* **Instructions for the task**: Lines from the one containing "Stella McCartney Kids" through the end of the listing are what is wanted, given again exactly with both ends included and pictures left out.

* **Information supplied**:
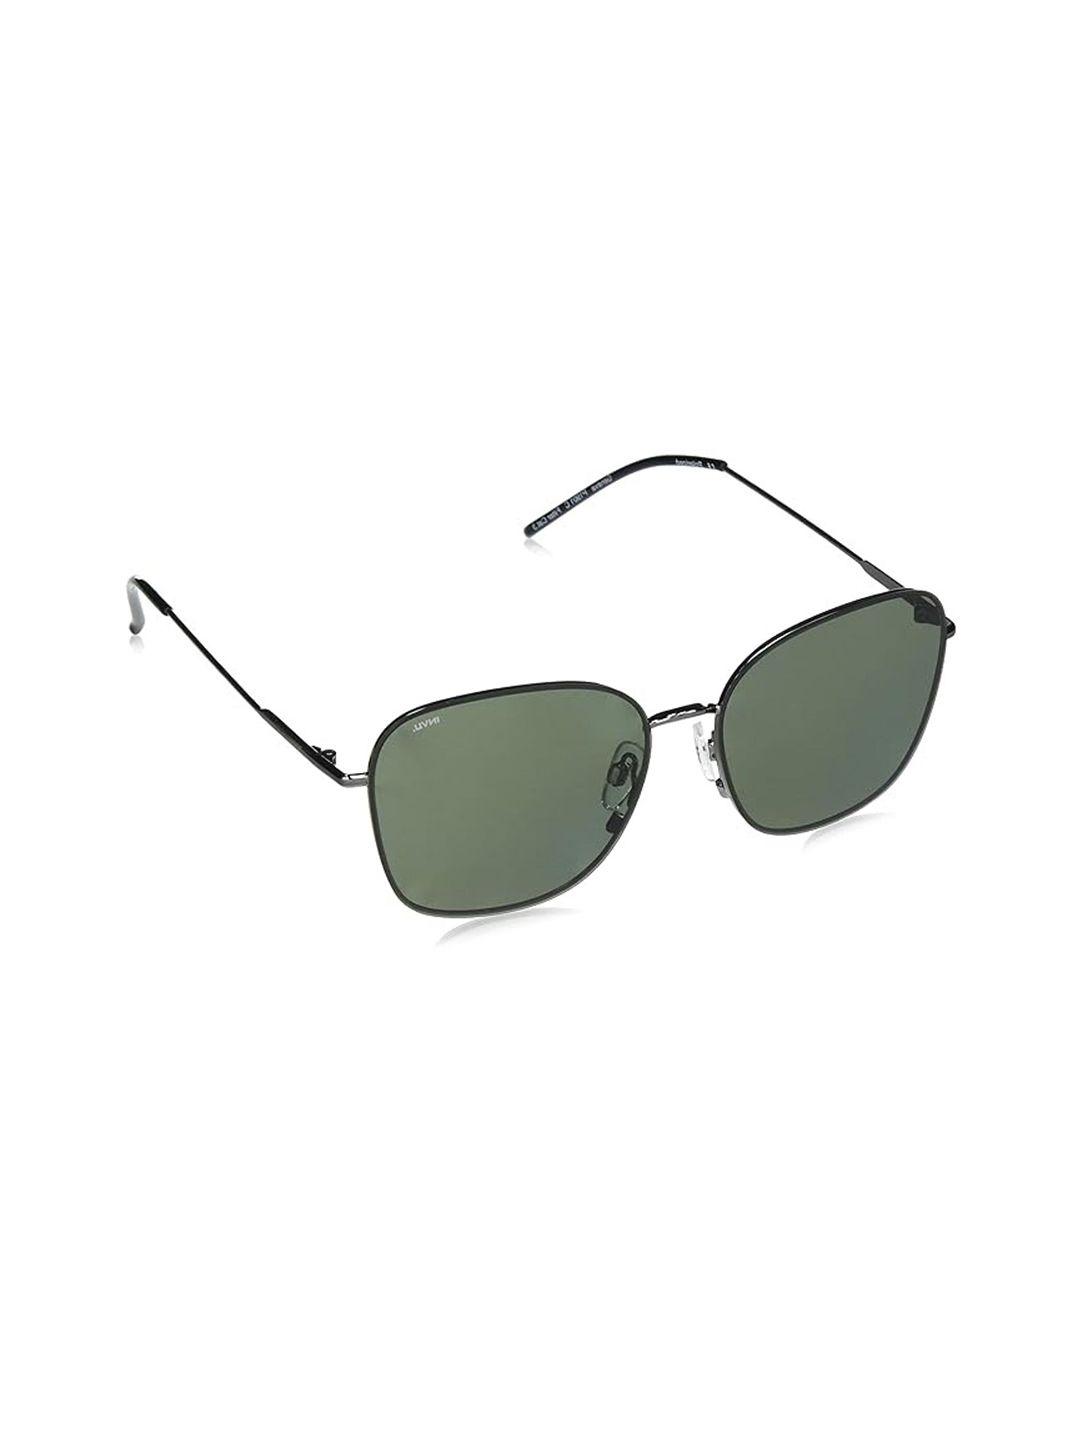 invu unisex rectangle sunglasses with uv protected lens p1901c
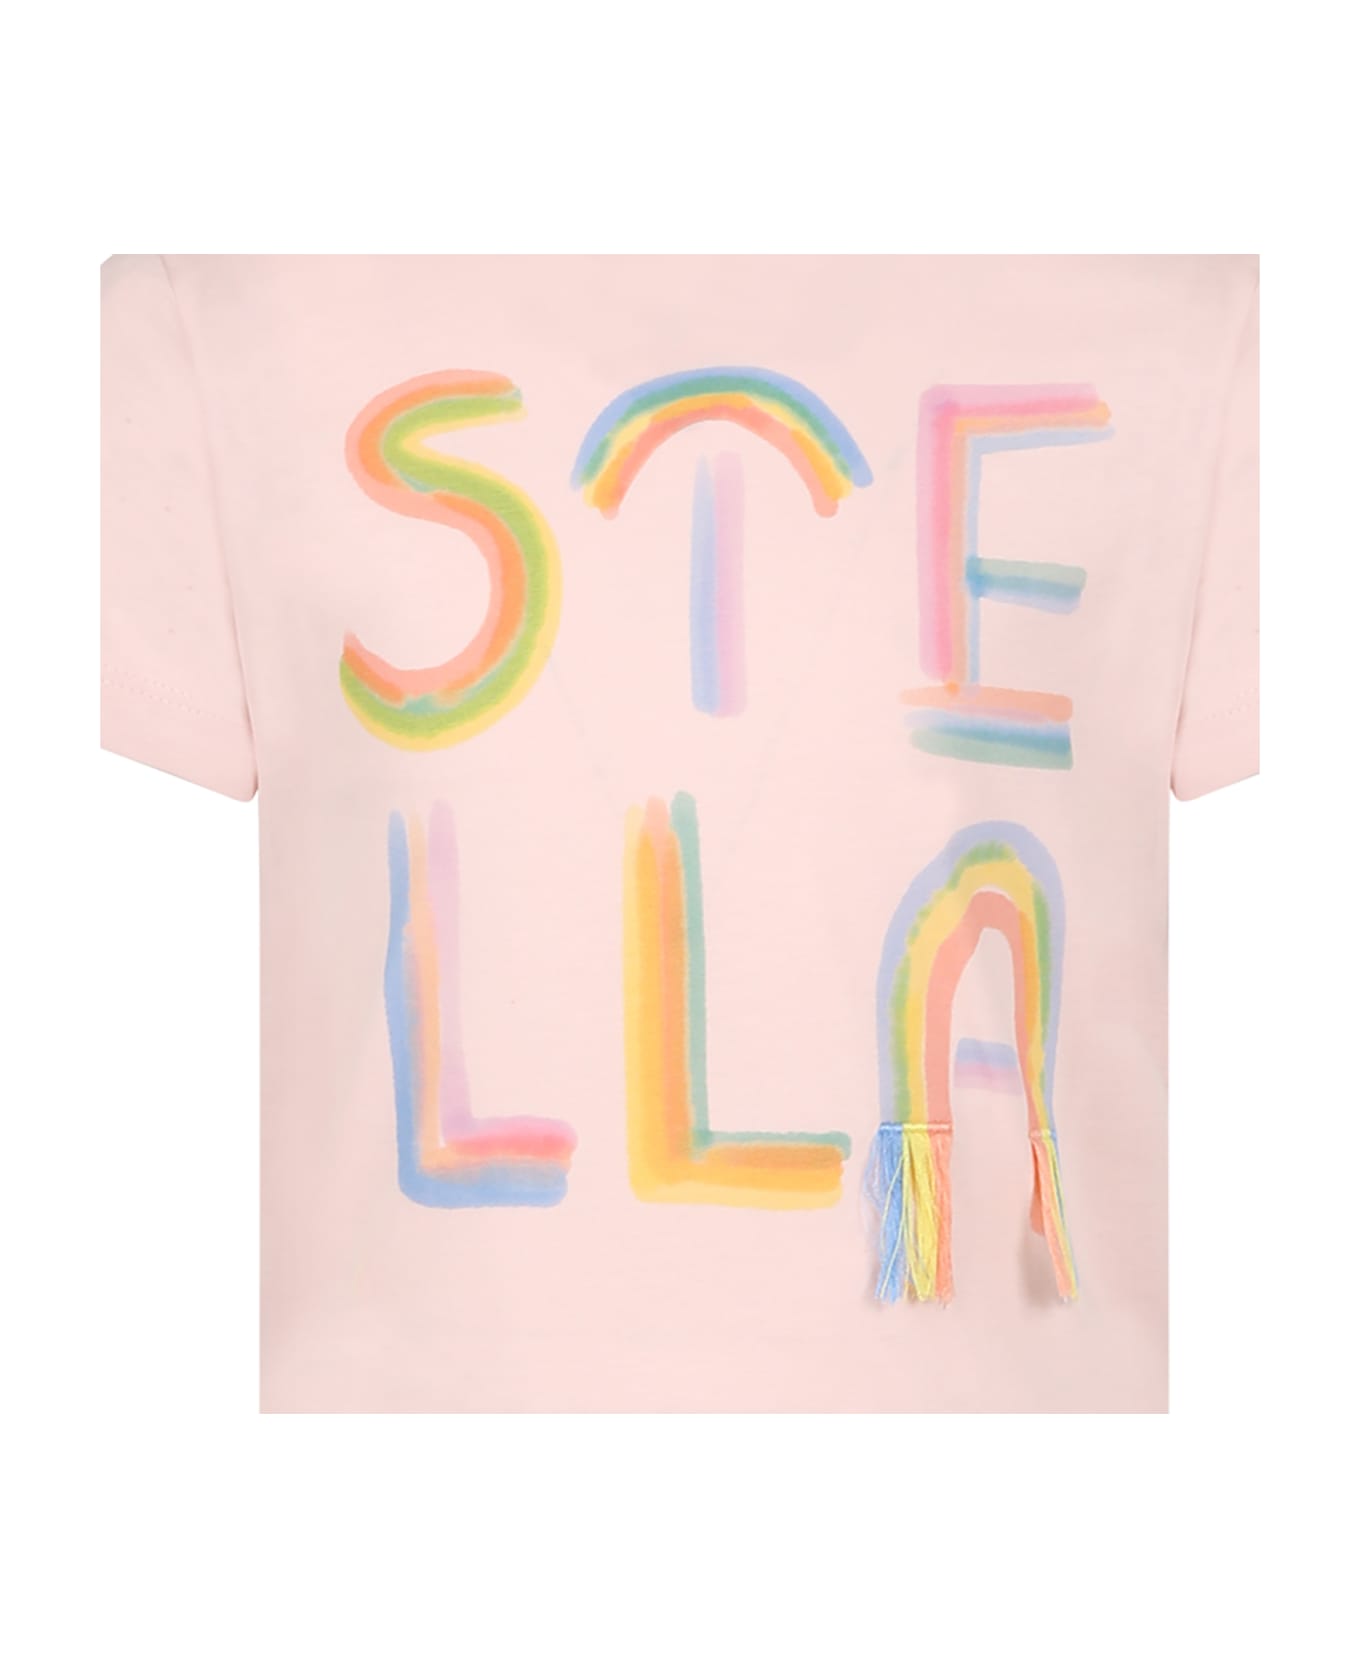 Stella McCartney Kids Pink T-shirt For Girl With Logo - Pink
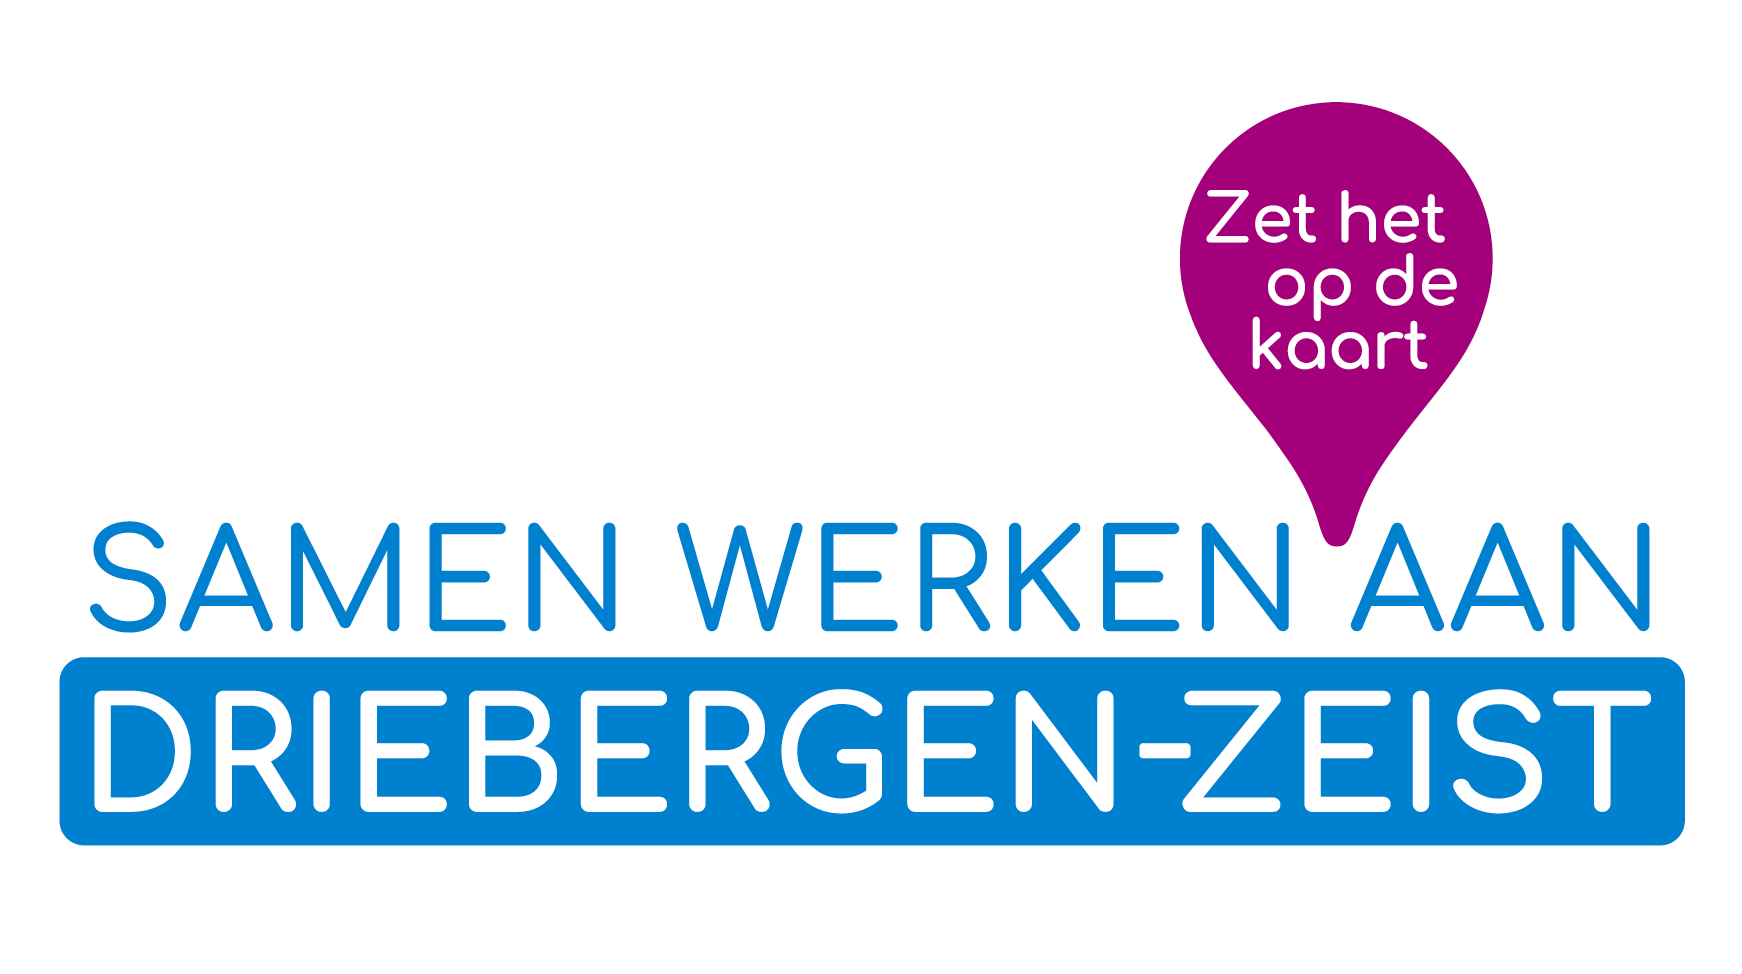 Stationsgebied Driebergen-Zeist logo
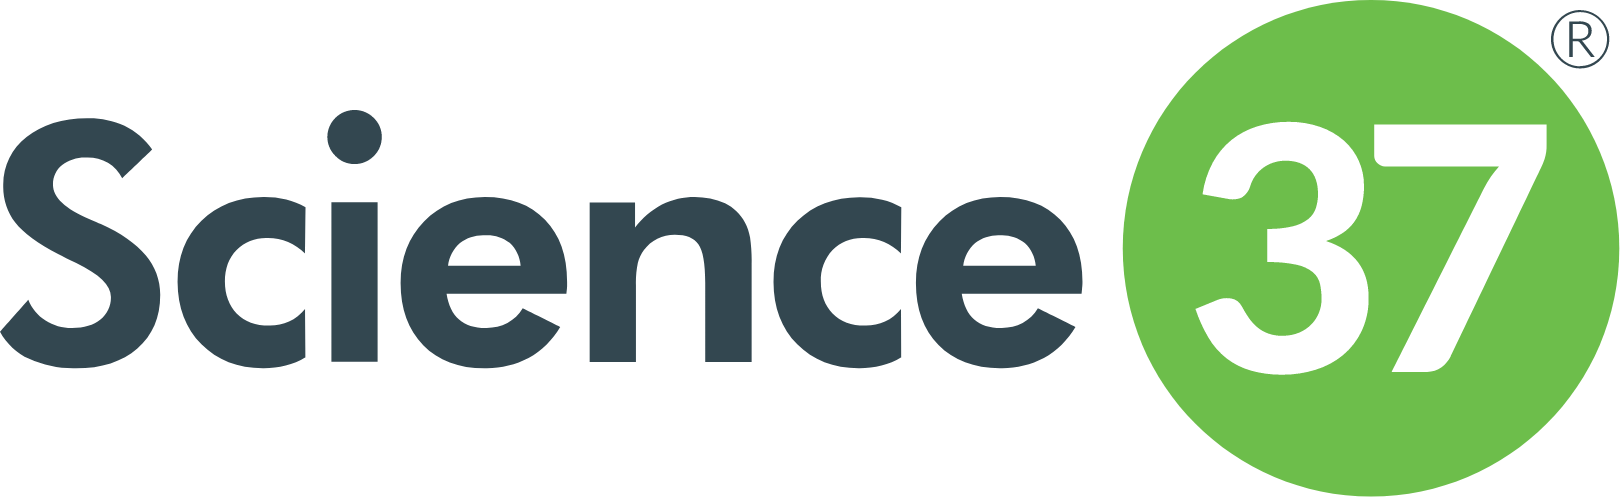 Science 37 logo large (transparent PNG)

* **Reply to the exercise**:
 Stella McCartney Kids Pink T-shirt For Girl With Logo - Pink
 Stationsgebied Driebergen-Zeist logo
 Science 37 logo large (transparent PNG)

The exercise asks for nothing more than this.